### Task to carry out
When you reach the line holding "Joe Biden, candidato", please begin to restate the lines word for word and continue through the last one in the material, excluding pictures.

### Material provided
--
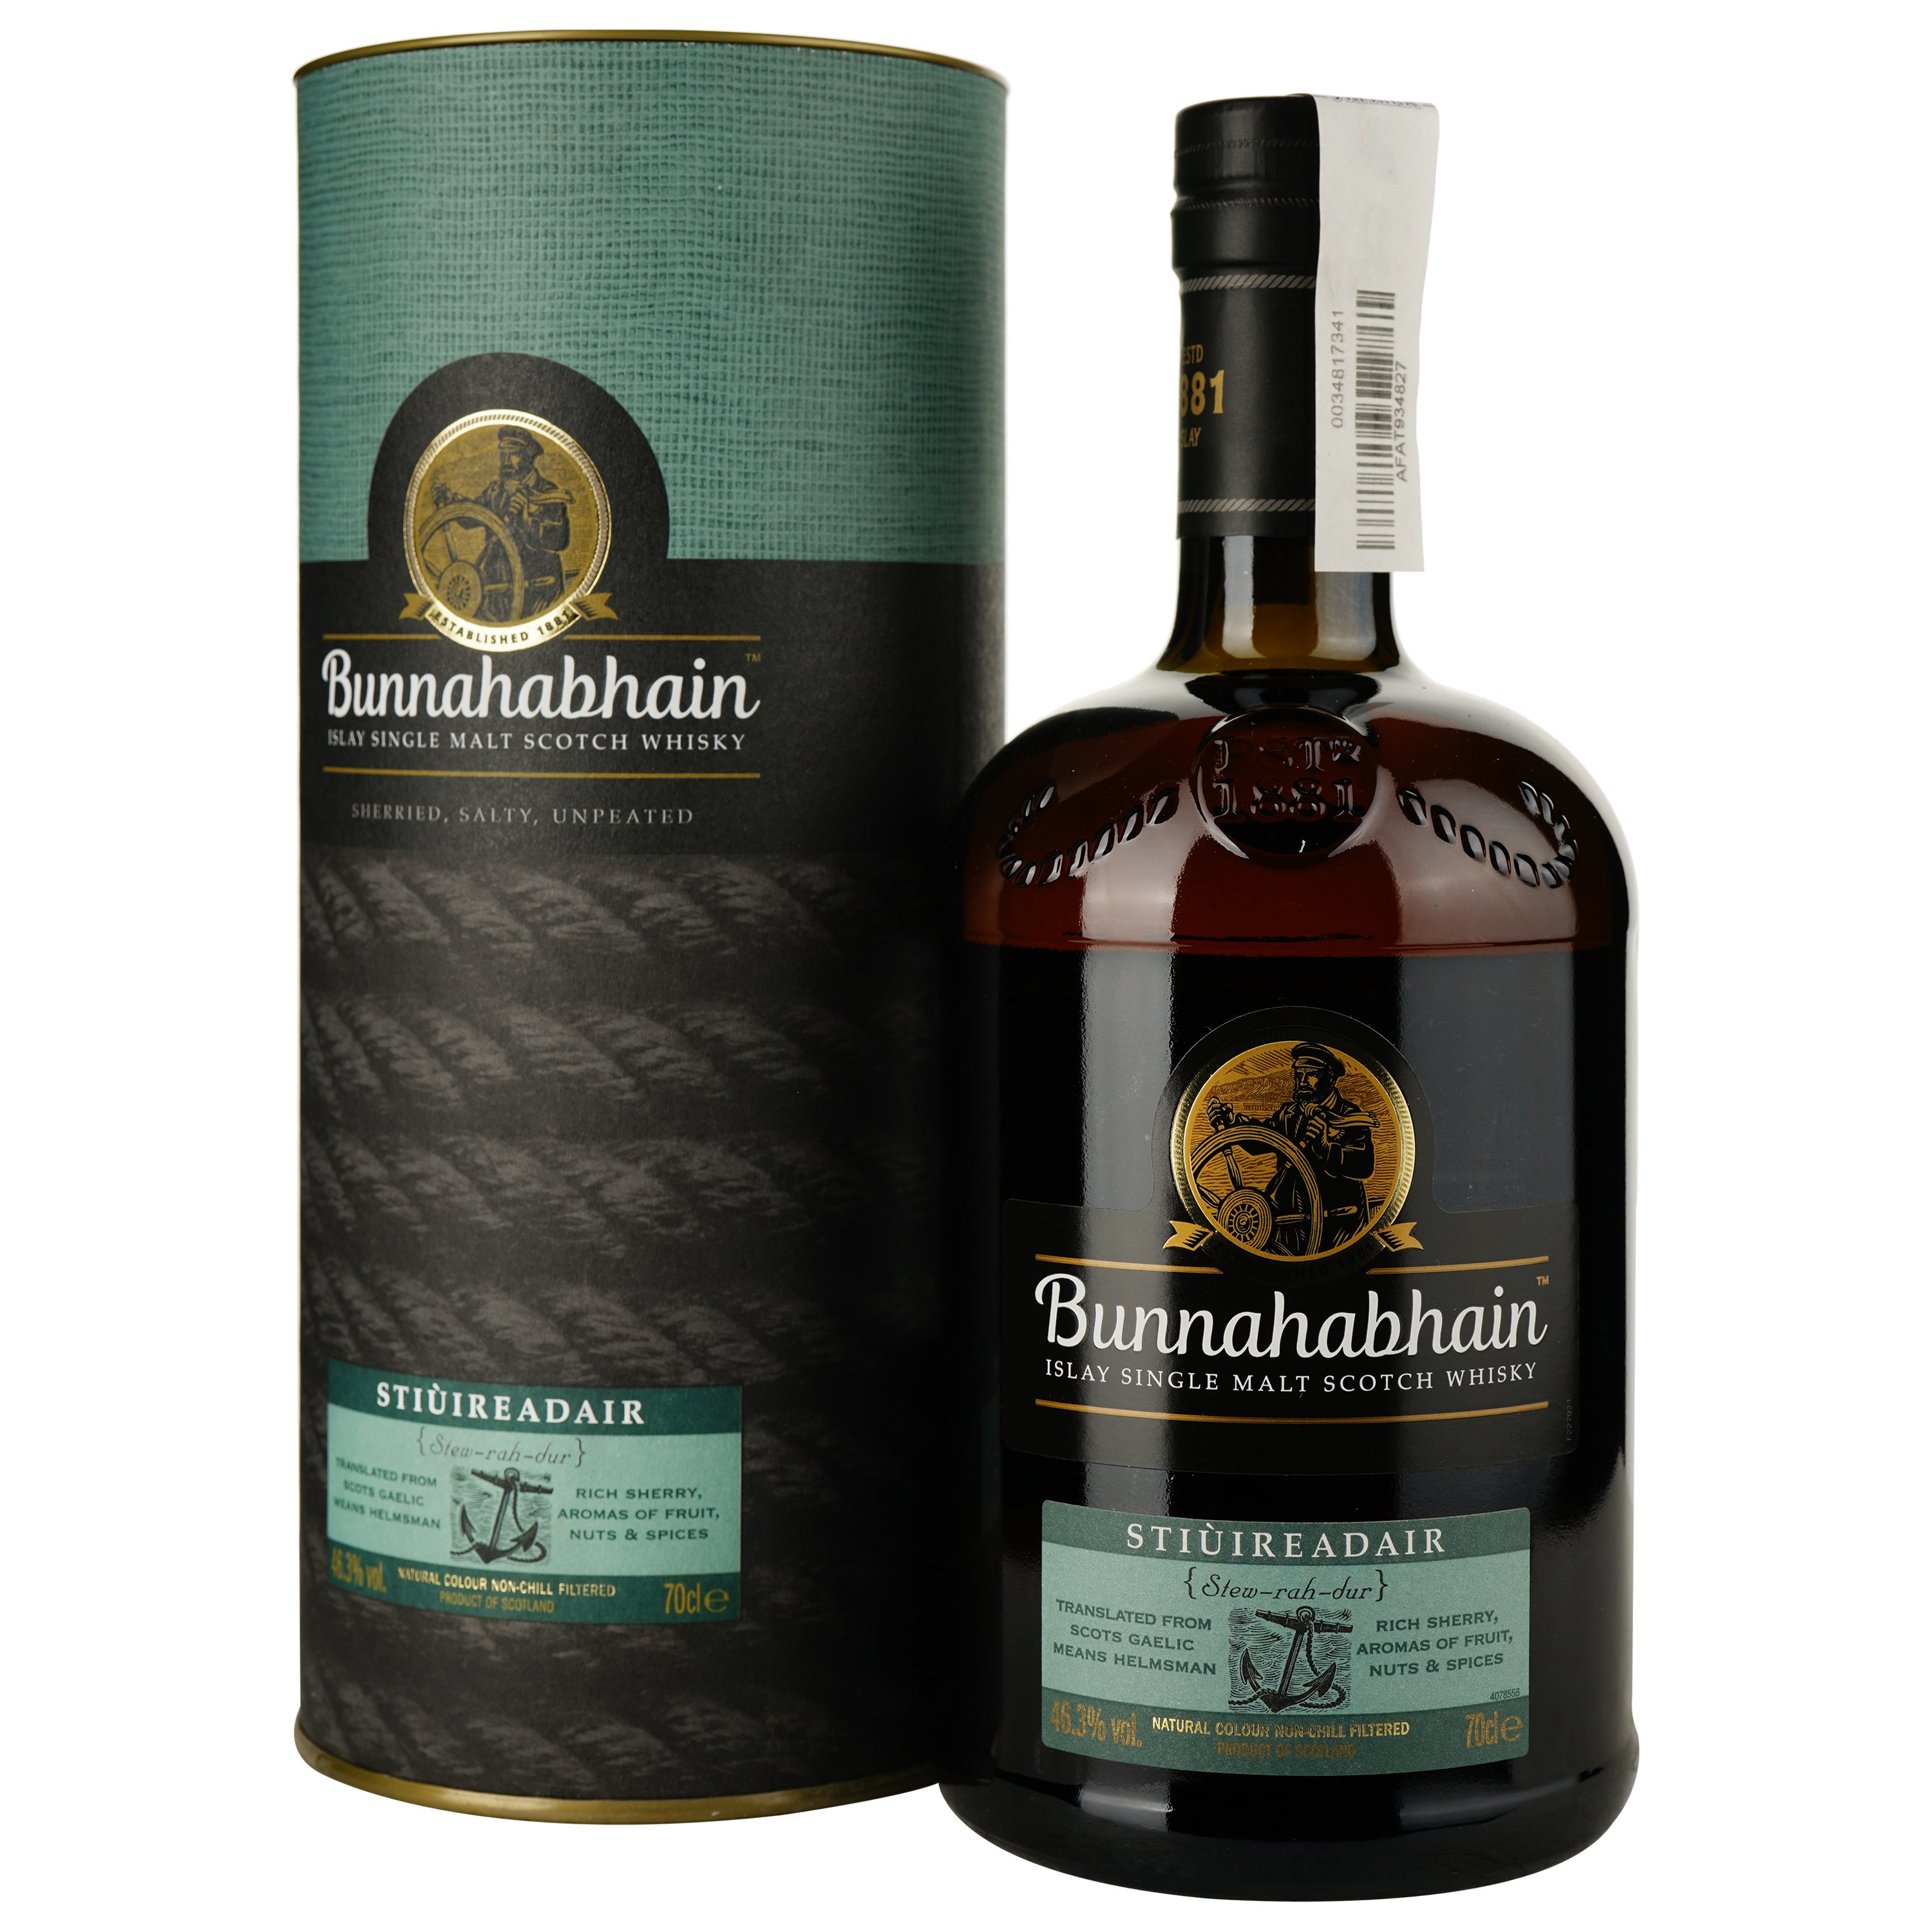 Віскі Bunnahabhain Stiuireadair Single Malt Scotch Whisky 46.3% 0.7 л, в подарунковій упаковці - фото 1
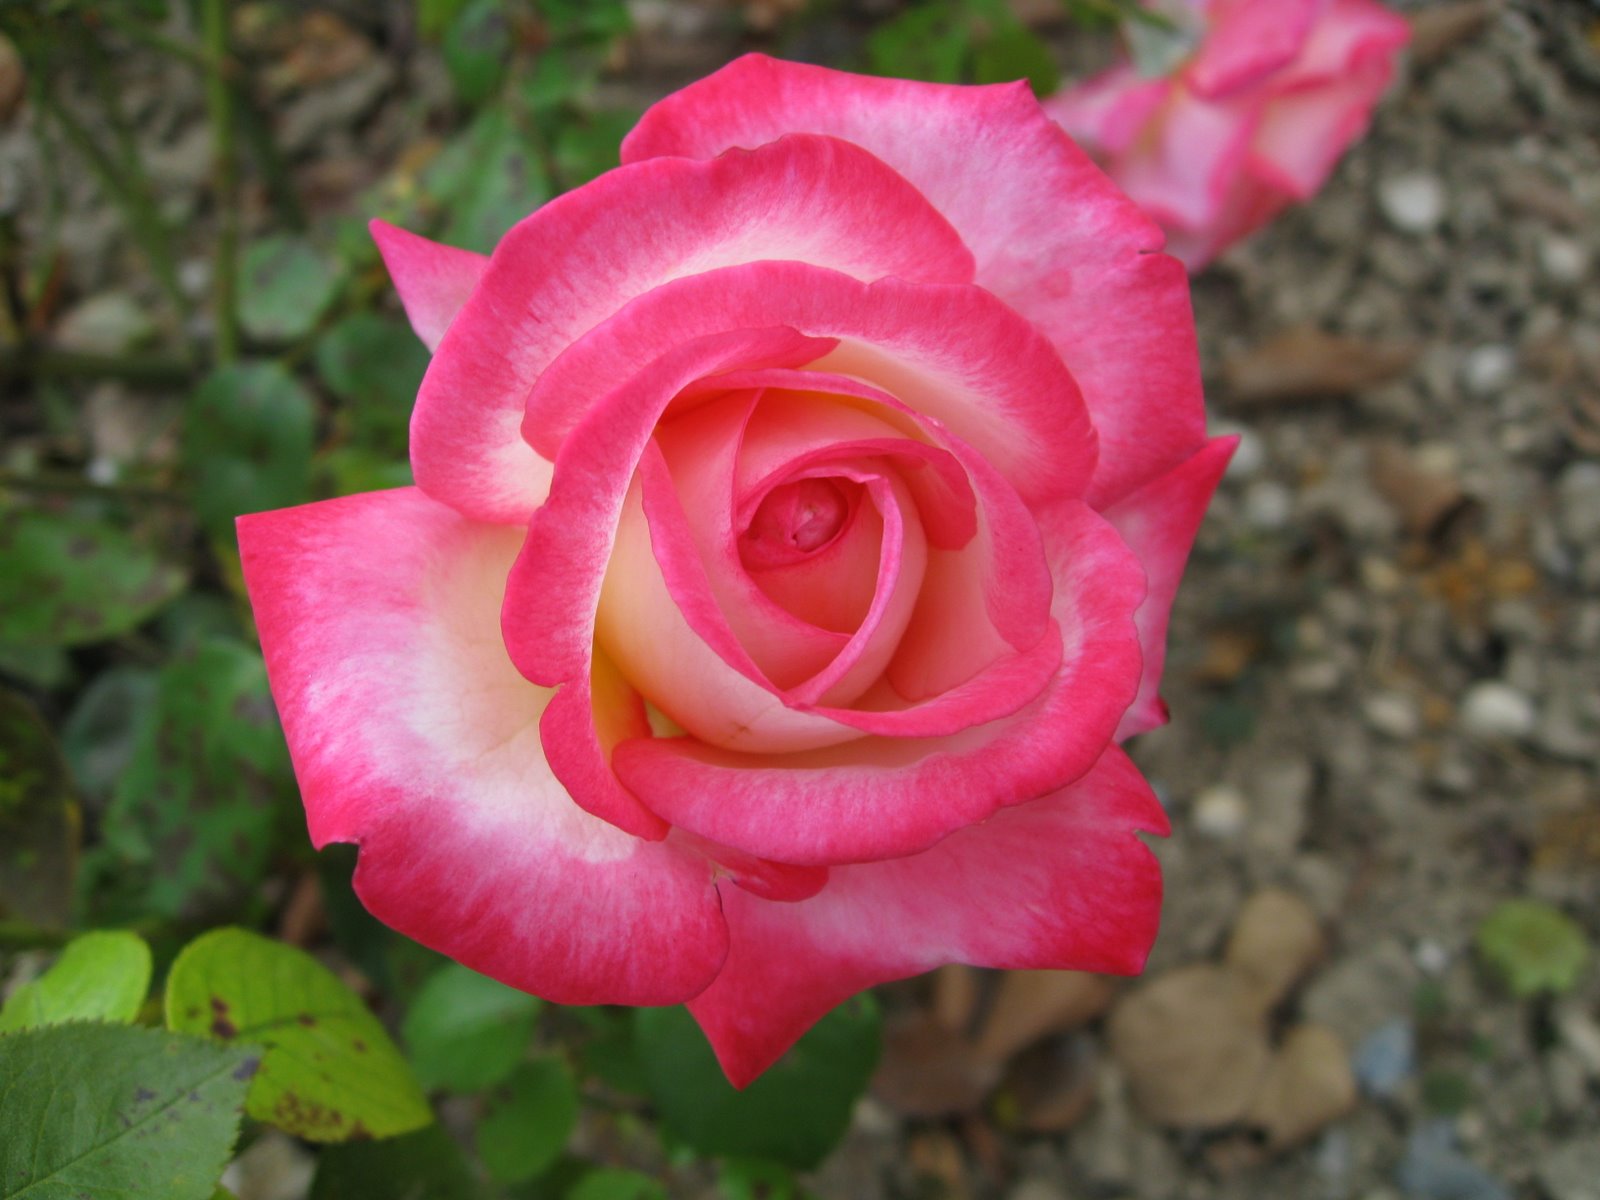 sfondi rose più belli,fiore,pianta fiorita,julia child rose,rose da giardino,petalo
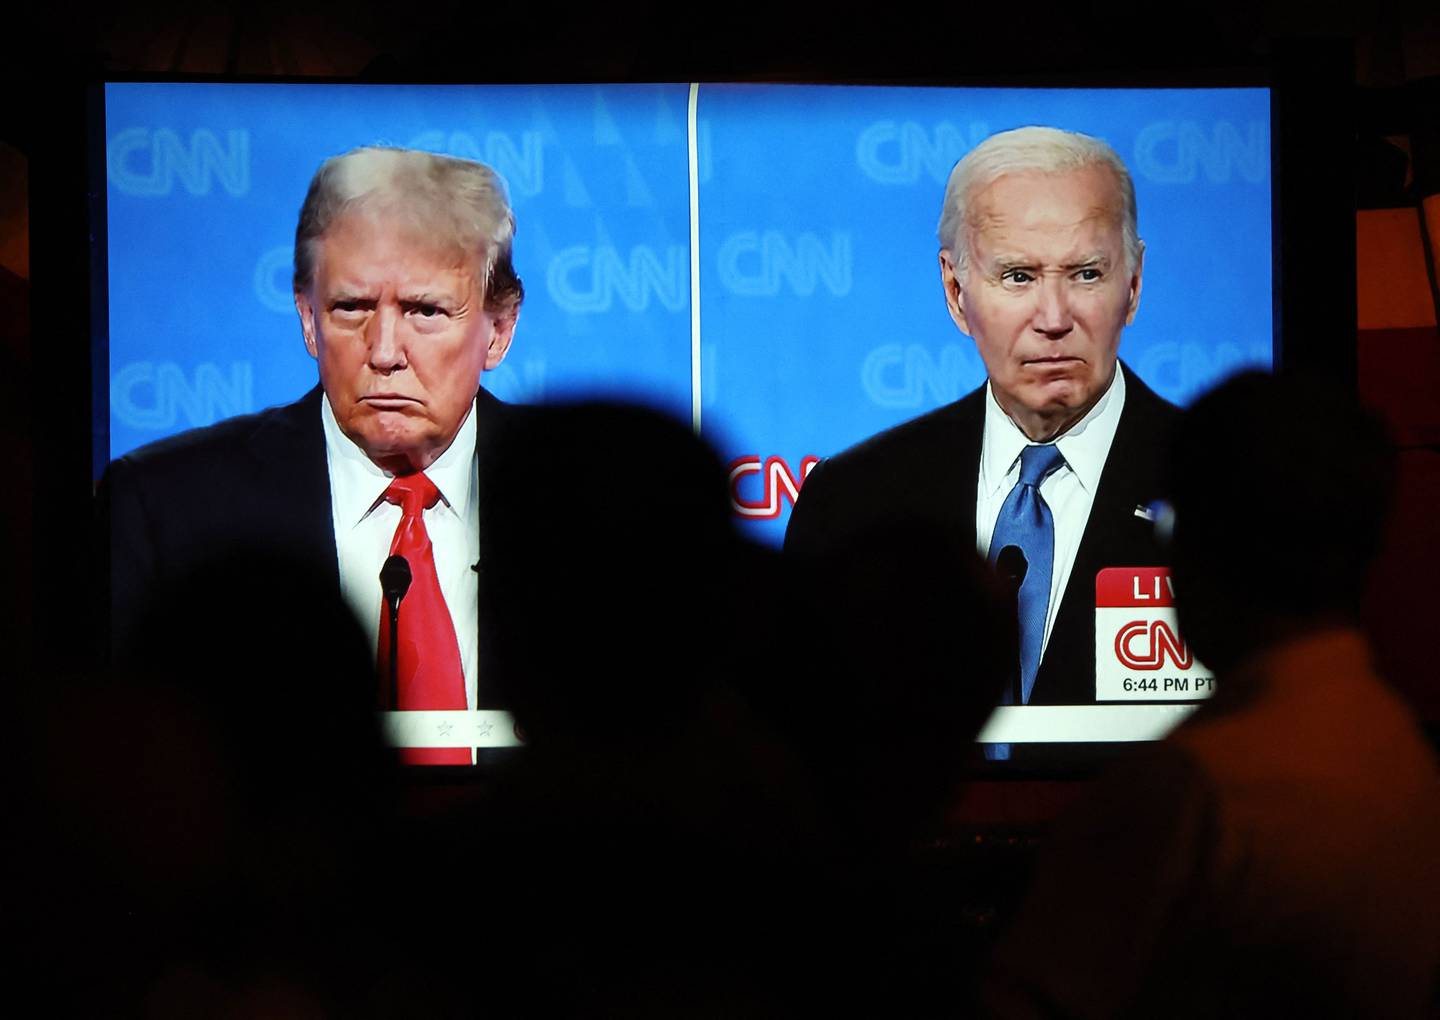 Joe Biden, candidato de los demócratas, y Donald Trump, candidato de los republicanos, tuvieron su primer debate el pasado 27 de junio de cara a las elecciones presidenciales del próximo mes de noviembre. Foto: AFP
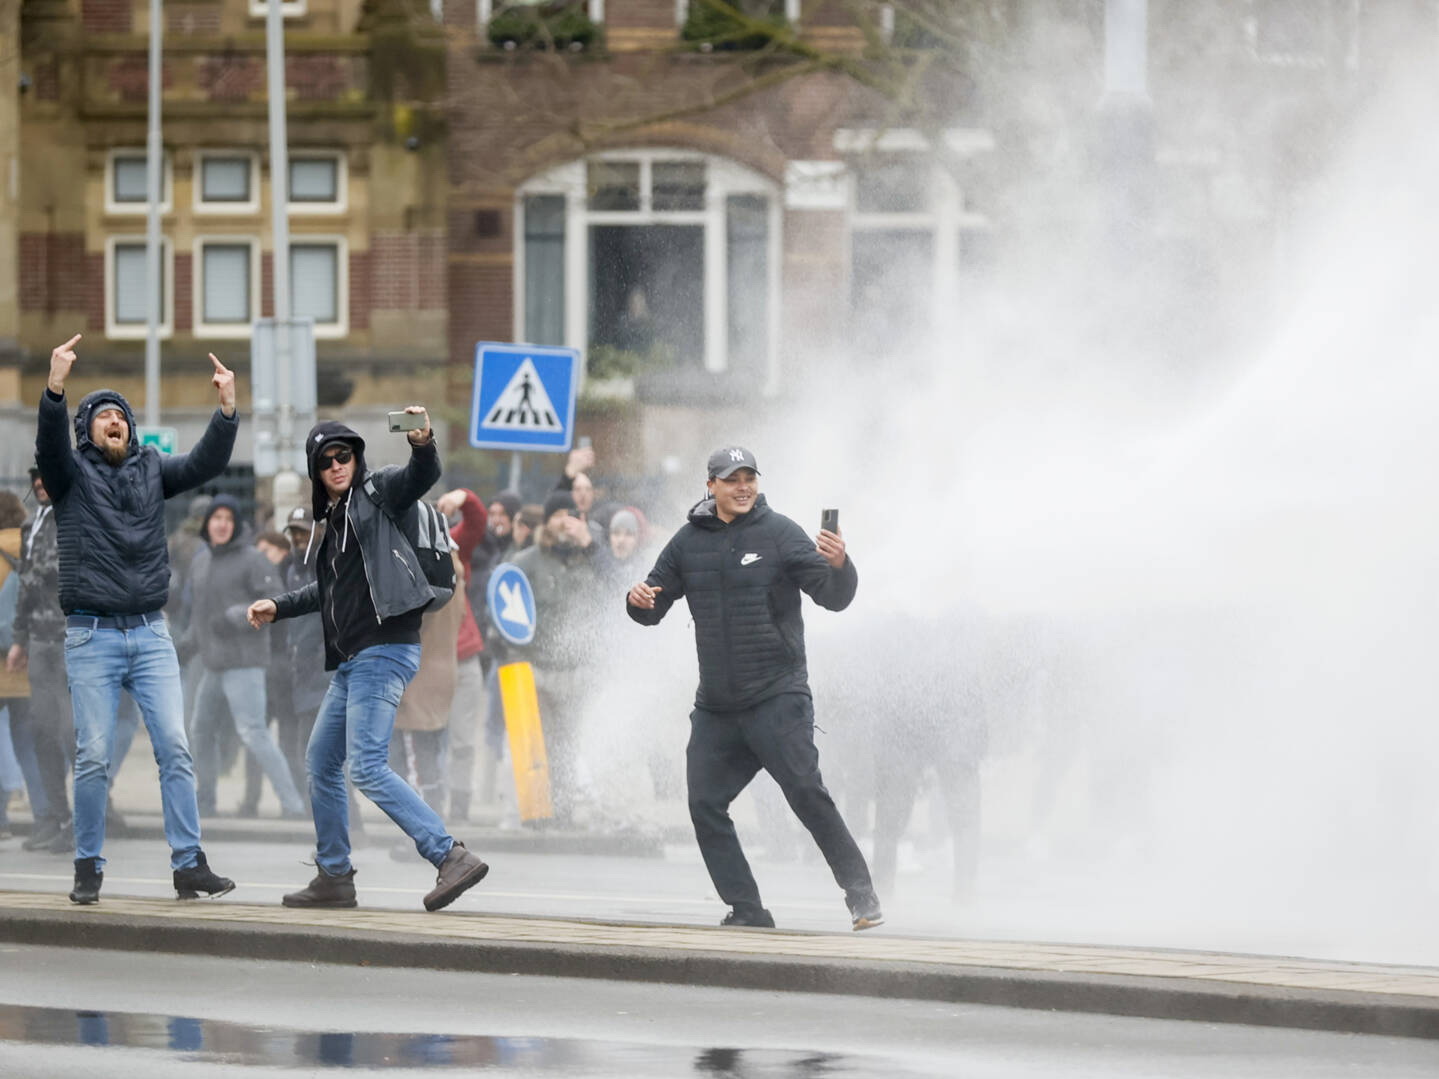 Жители выступили против. Слезоточивый ГАЗ для разгона демонстраций. Разгон демонстрации в Амстердаме. Водометы против демонстрантов. Водомет митинг.
--
### Answer space
 Joe Biden, candidato de los demócratas, y Donald Trump, candidato de los republicanos, tuvieron su primer debate el pasado 27 de junio de cara a las elecciones presidenciales del próximo mes de noviembre. Foto: AFP
 Жители выступили против. Слезоточивый ГАЗ для разгона демонстраций. Разгон демонстрации в Амстердаме. Водометы против демонстрантов. Водомет митинг.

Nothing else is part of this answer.